◆ **Required work**
Copy each line of the data below exactly, leaving out pictures.

◆ **Dataset section**
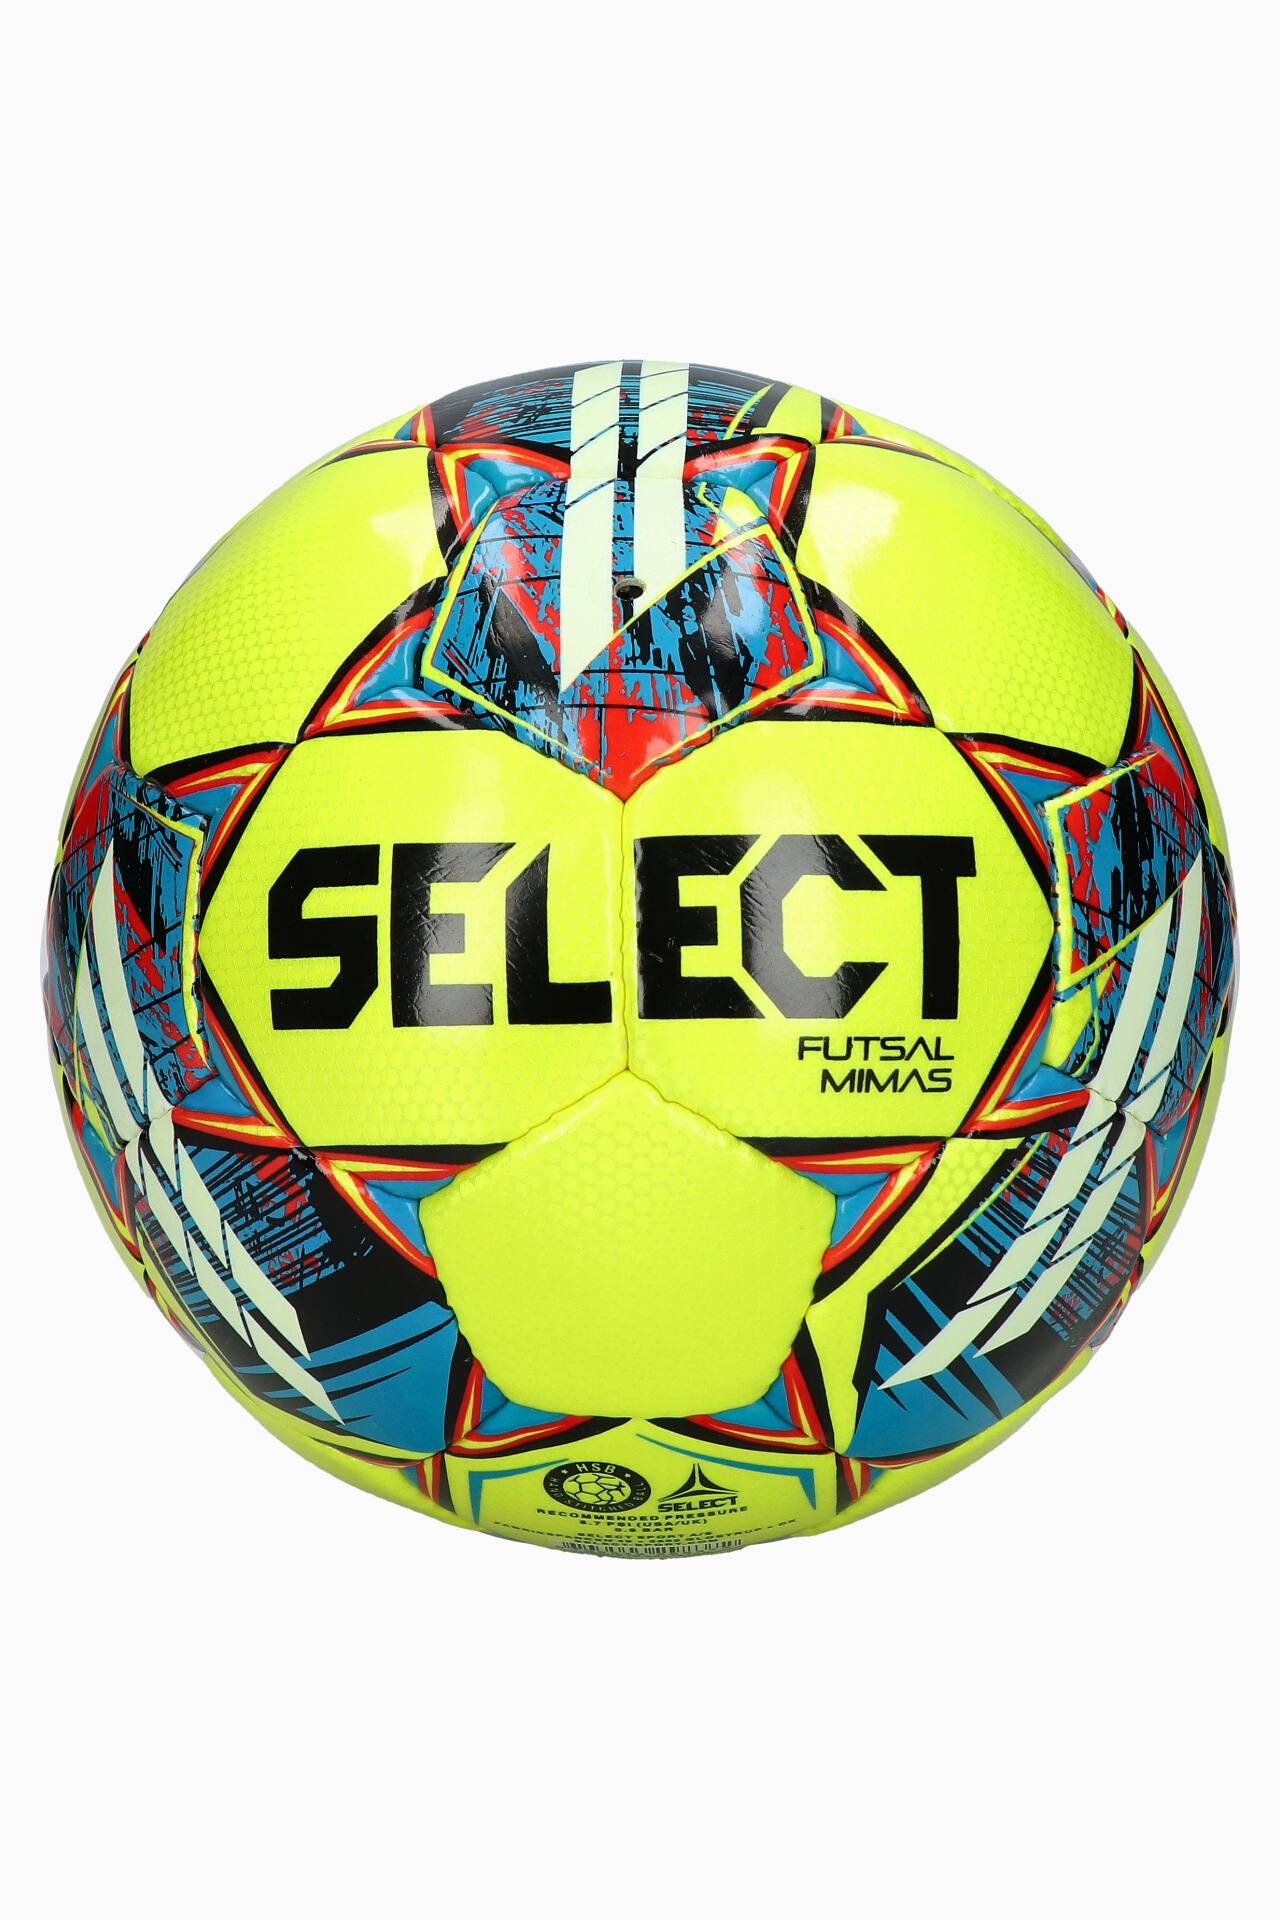 Football Select Futsal v22 | - Football boots & equipment
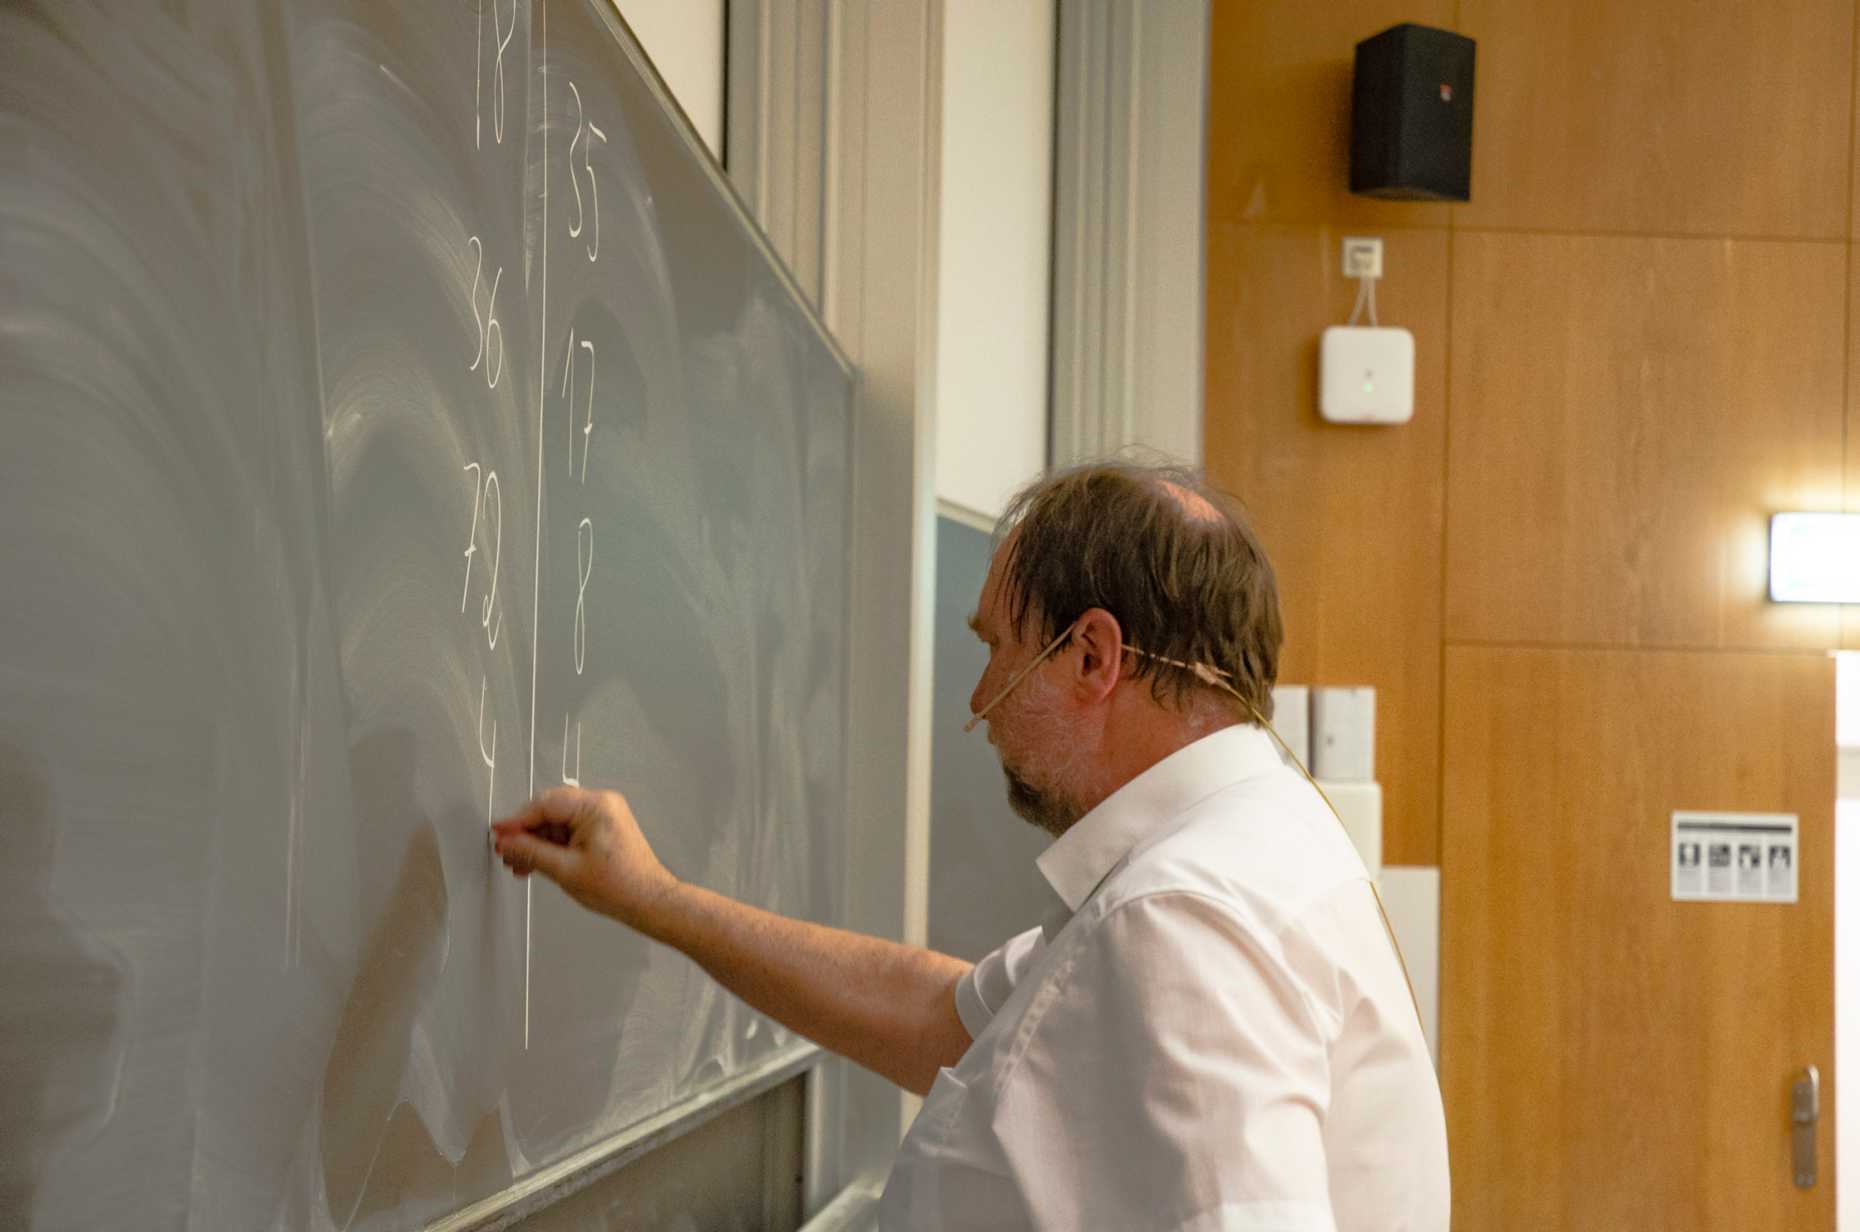 Professor Friedemann Mattern demonstrates an algorithm on the blackboard
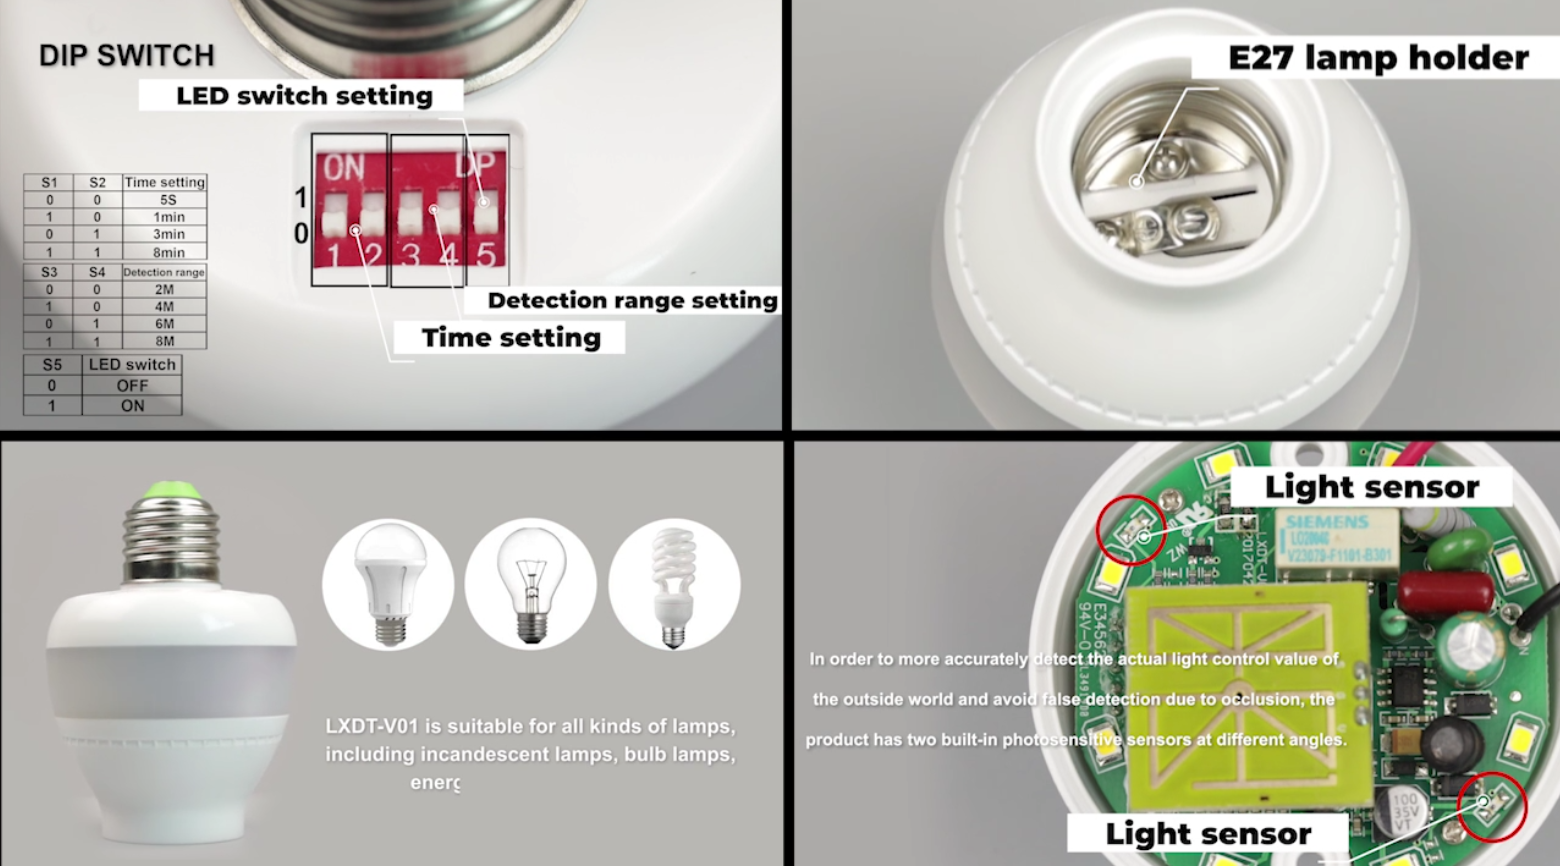 Интелигентен държач за микровълнова индукционна лампа, иновативен дизайн води бъдещето на осветлението

◆ **Response to the exercise**
 Football Select Futsal v22 | - Football boots & equipment
 Professor Friedemann Mattern demonstrates an algorithm on the blackboard
 Интелигентен държач за микровълнова индукционна лампа, иновативен дизайн води бъдещето на осветлението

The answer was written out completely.